Ich bin für alle Möglichkeiten an Informationen und Ideen offen und bedanke mich schonmal.

P.S.: Ja ich habe google benutzt und die Forensuche, hier gab ich aber bei Seite 8 auf...waren immerhin 1000 Treffer und ich war bei 240


----------



## Niki (13. Apr 2011)

Mit javascript kannst du dich ja beim Laden der Seite reinhängen und fragen, ob das Element da ist und welche visibility es hat. Darauf solltest du dann ja eigentlich reagieren können.


----------



## brauner1990 (13. Apr 2011)

Niki hat gesagt.:


> Mit javascript kannst du dich ja beim Laden der Seite reinhängen und fragen,


Ich benutze Webdeveloper und habe darüber die Option "Cache deaktivieren" aktiviert. Da er mir die Seite aber sehr zügig anzeigt und es eigentlich auch mal ne Sekunde dauern kann, aufgrund vieler Daten.


Niki hat gesagt.:


> ob das Element da ist und welche visibility es hat. Darauf solltest du dann ja eigentlich reagieren können.


Das Element wird ja geladen, also ist es da. und die Visibility ist ja kurz vor dem abschicken true und beim laden false.

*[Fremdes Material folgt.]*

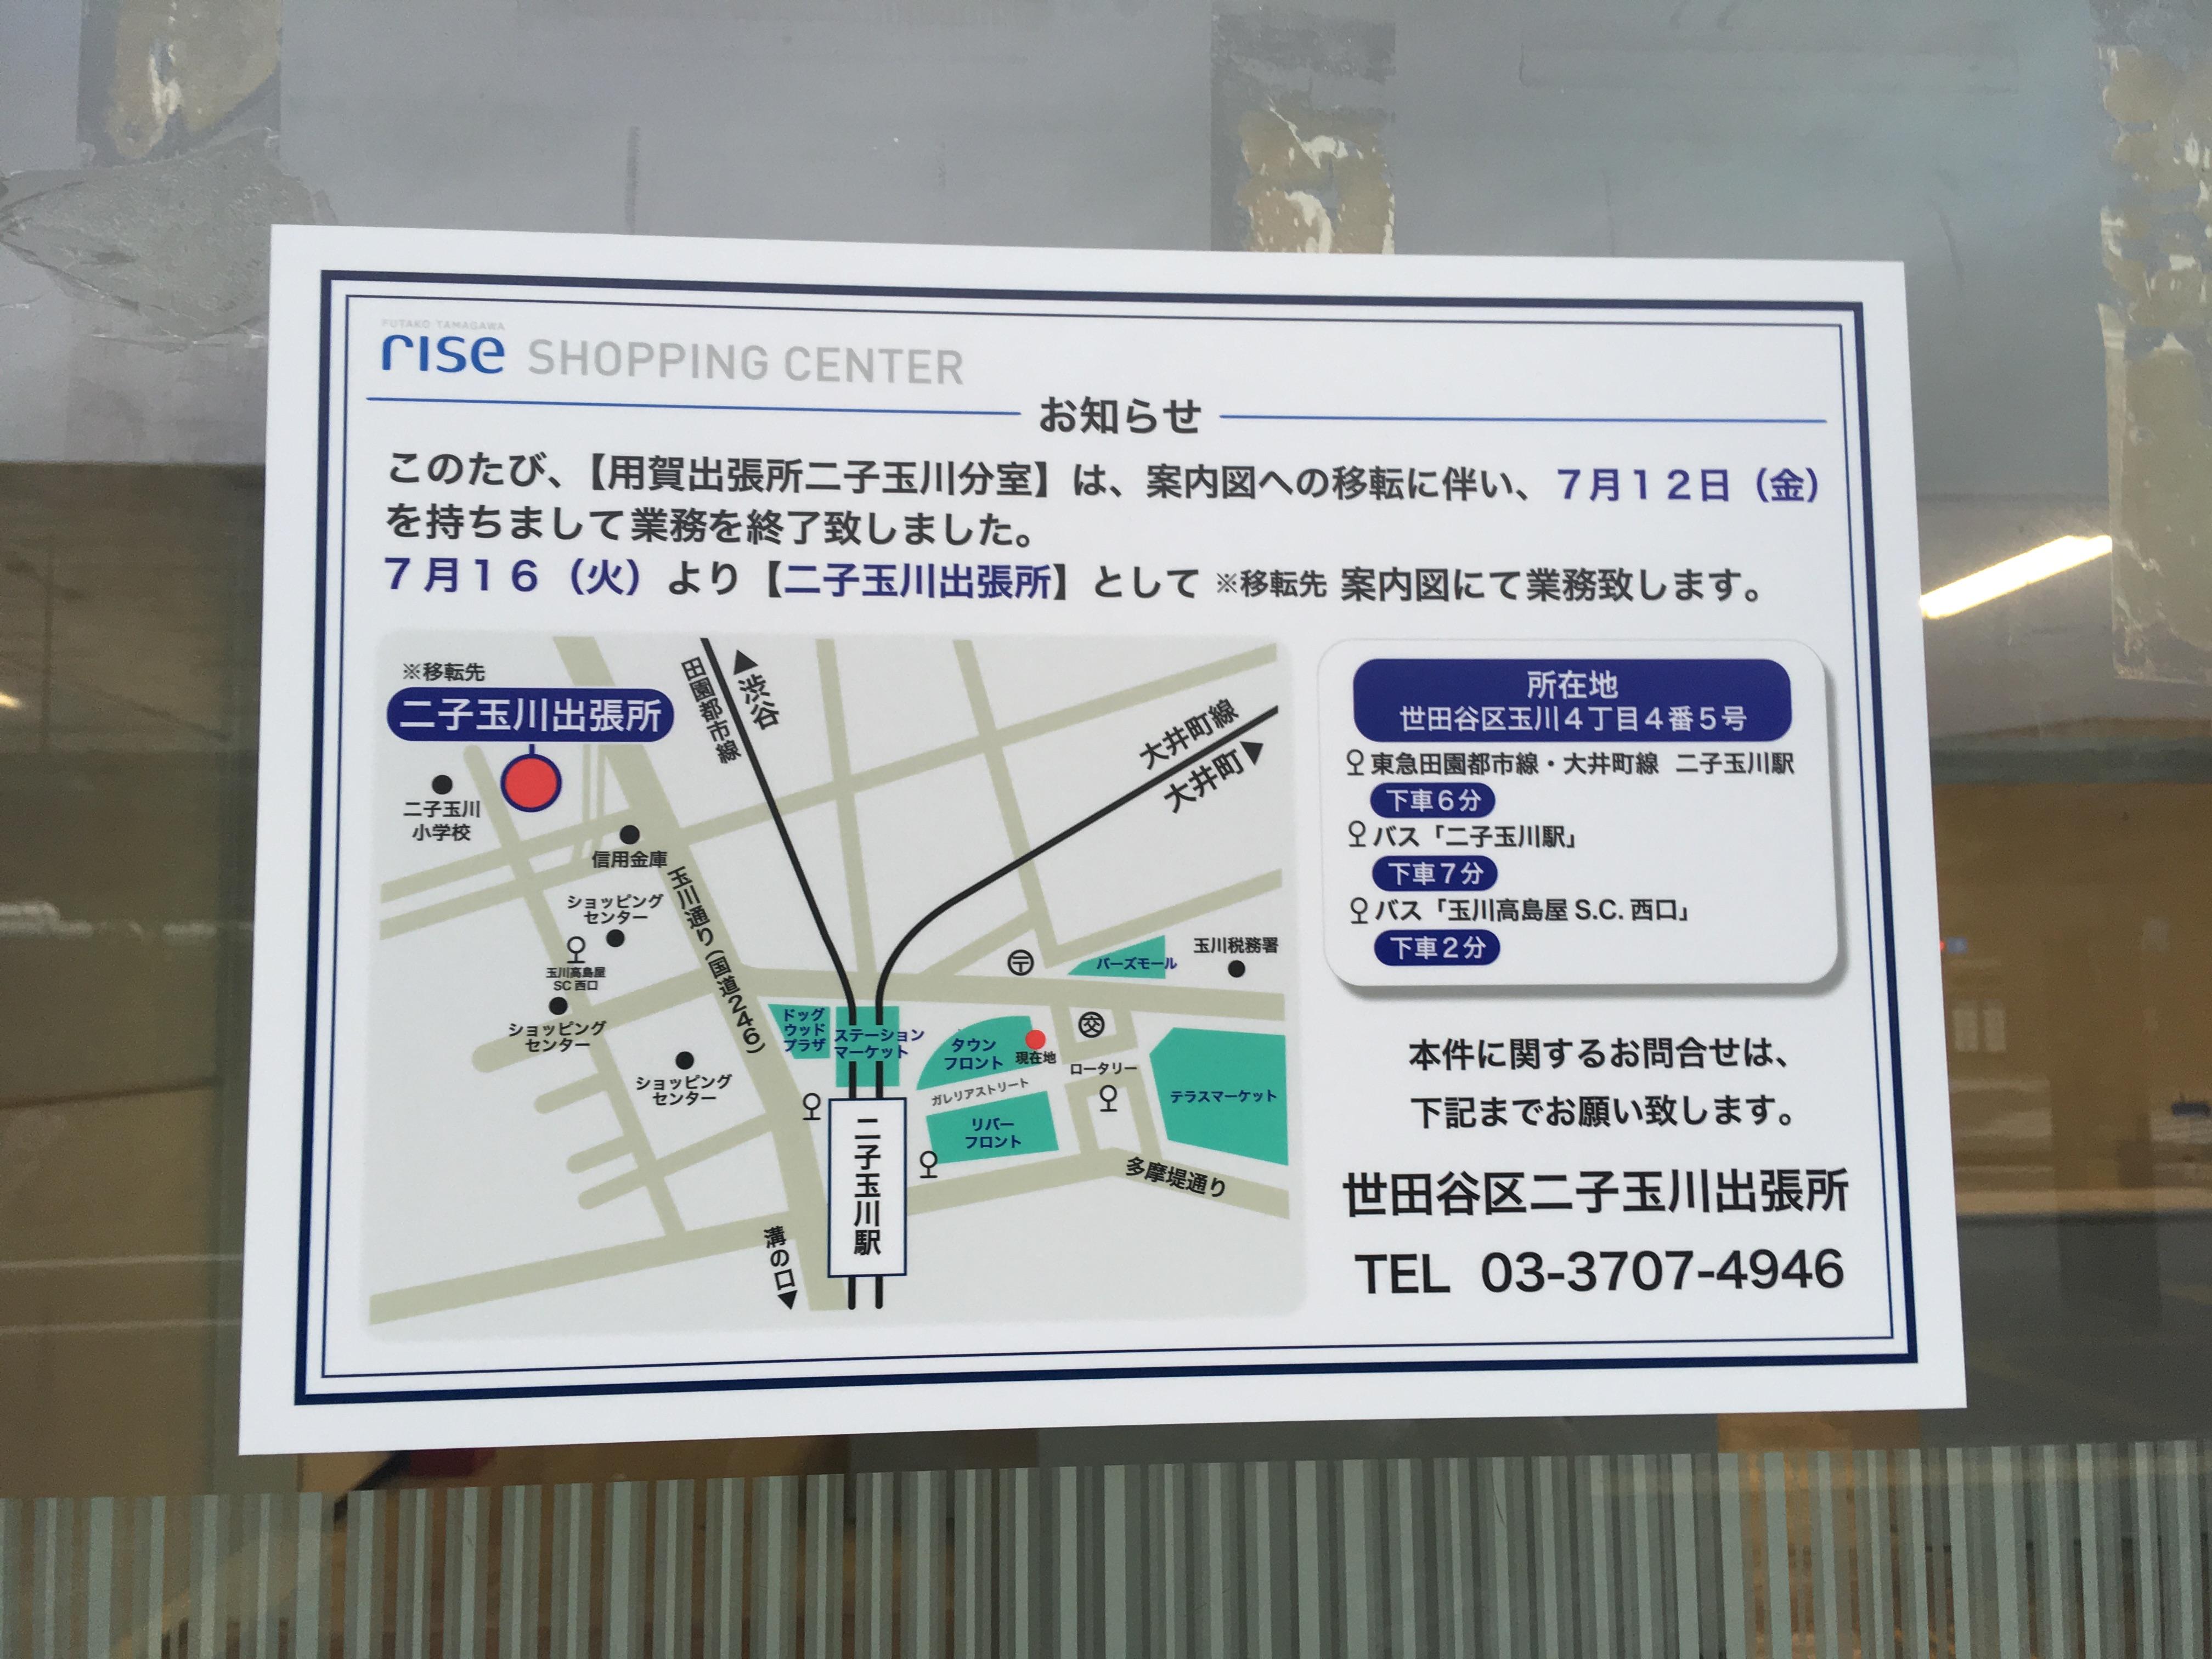 二子玉川駅近くにあった世田谷区の区役所の出張所が移転になりました

Kann sein das ich jetzt gerade nen Brett groß wie die Titanic vorm Kopf habe. Aber ne Lösung finde ich grad nicht bei dem Tipp.


----------



## Niki (13. Apr 2011)

Hab ich dich richtig verstanden?
Du hast ein Formular. Wenn dieses abgeschickt wird soll ein modales Fenster mittels einem div aufgehen. Dann wird zur nächsten Seite navigiert (Response vom Formular). Wenn du jetzt mittels Browser-Back-Button auf die vorherige Seite navigierst, möchtest du dass das modale div wieder deaktiviert wird?

Wenn das so ist müsstest du meiner Meinung nach am Ende der Seite Javascript hinzufügen, dass das div-Element holt und auf visible false setzt. Ich bin mir aber nicht sicher ob das klappt, aber ein Versuch wäre es wert.


----------



## brauner1990 (13. Apr 2011)

Niki hat gesagt.:


> Hab ich dich richtig verstanden?
> Du hast ein Formular. Wenn dieses abgeschickt wird soll ein modales Fenster mittels einem div aufgehen. Dann wird zur nächsten Seite navigiert (Response vom Formular). Wenn du jetzt mittels Browser-Back-Button auf die vorherige Seite navigierst, möchtest du dass das modale div wieder deaktiviert wird?


Richtig verstanden.


Niki hat gesagt.:


> Wenn das so ist müsstest du meiner Meinung nach am Ende der Seite Javascript hinzufügen, dass das div-Element holt und auf visible false setzt. Ich bin mir aber nicht sicher ob das klappt, aber ein Versuch wäre es wert.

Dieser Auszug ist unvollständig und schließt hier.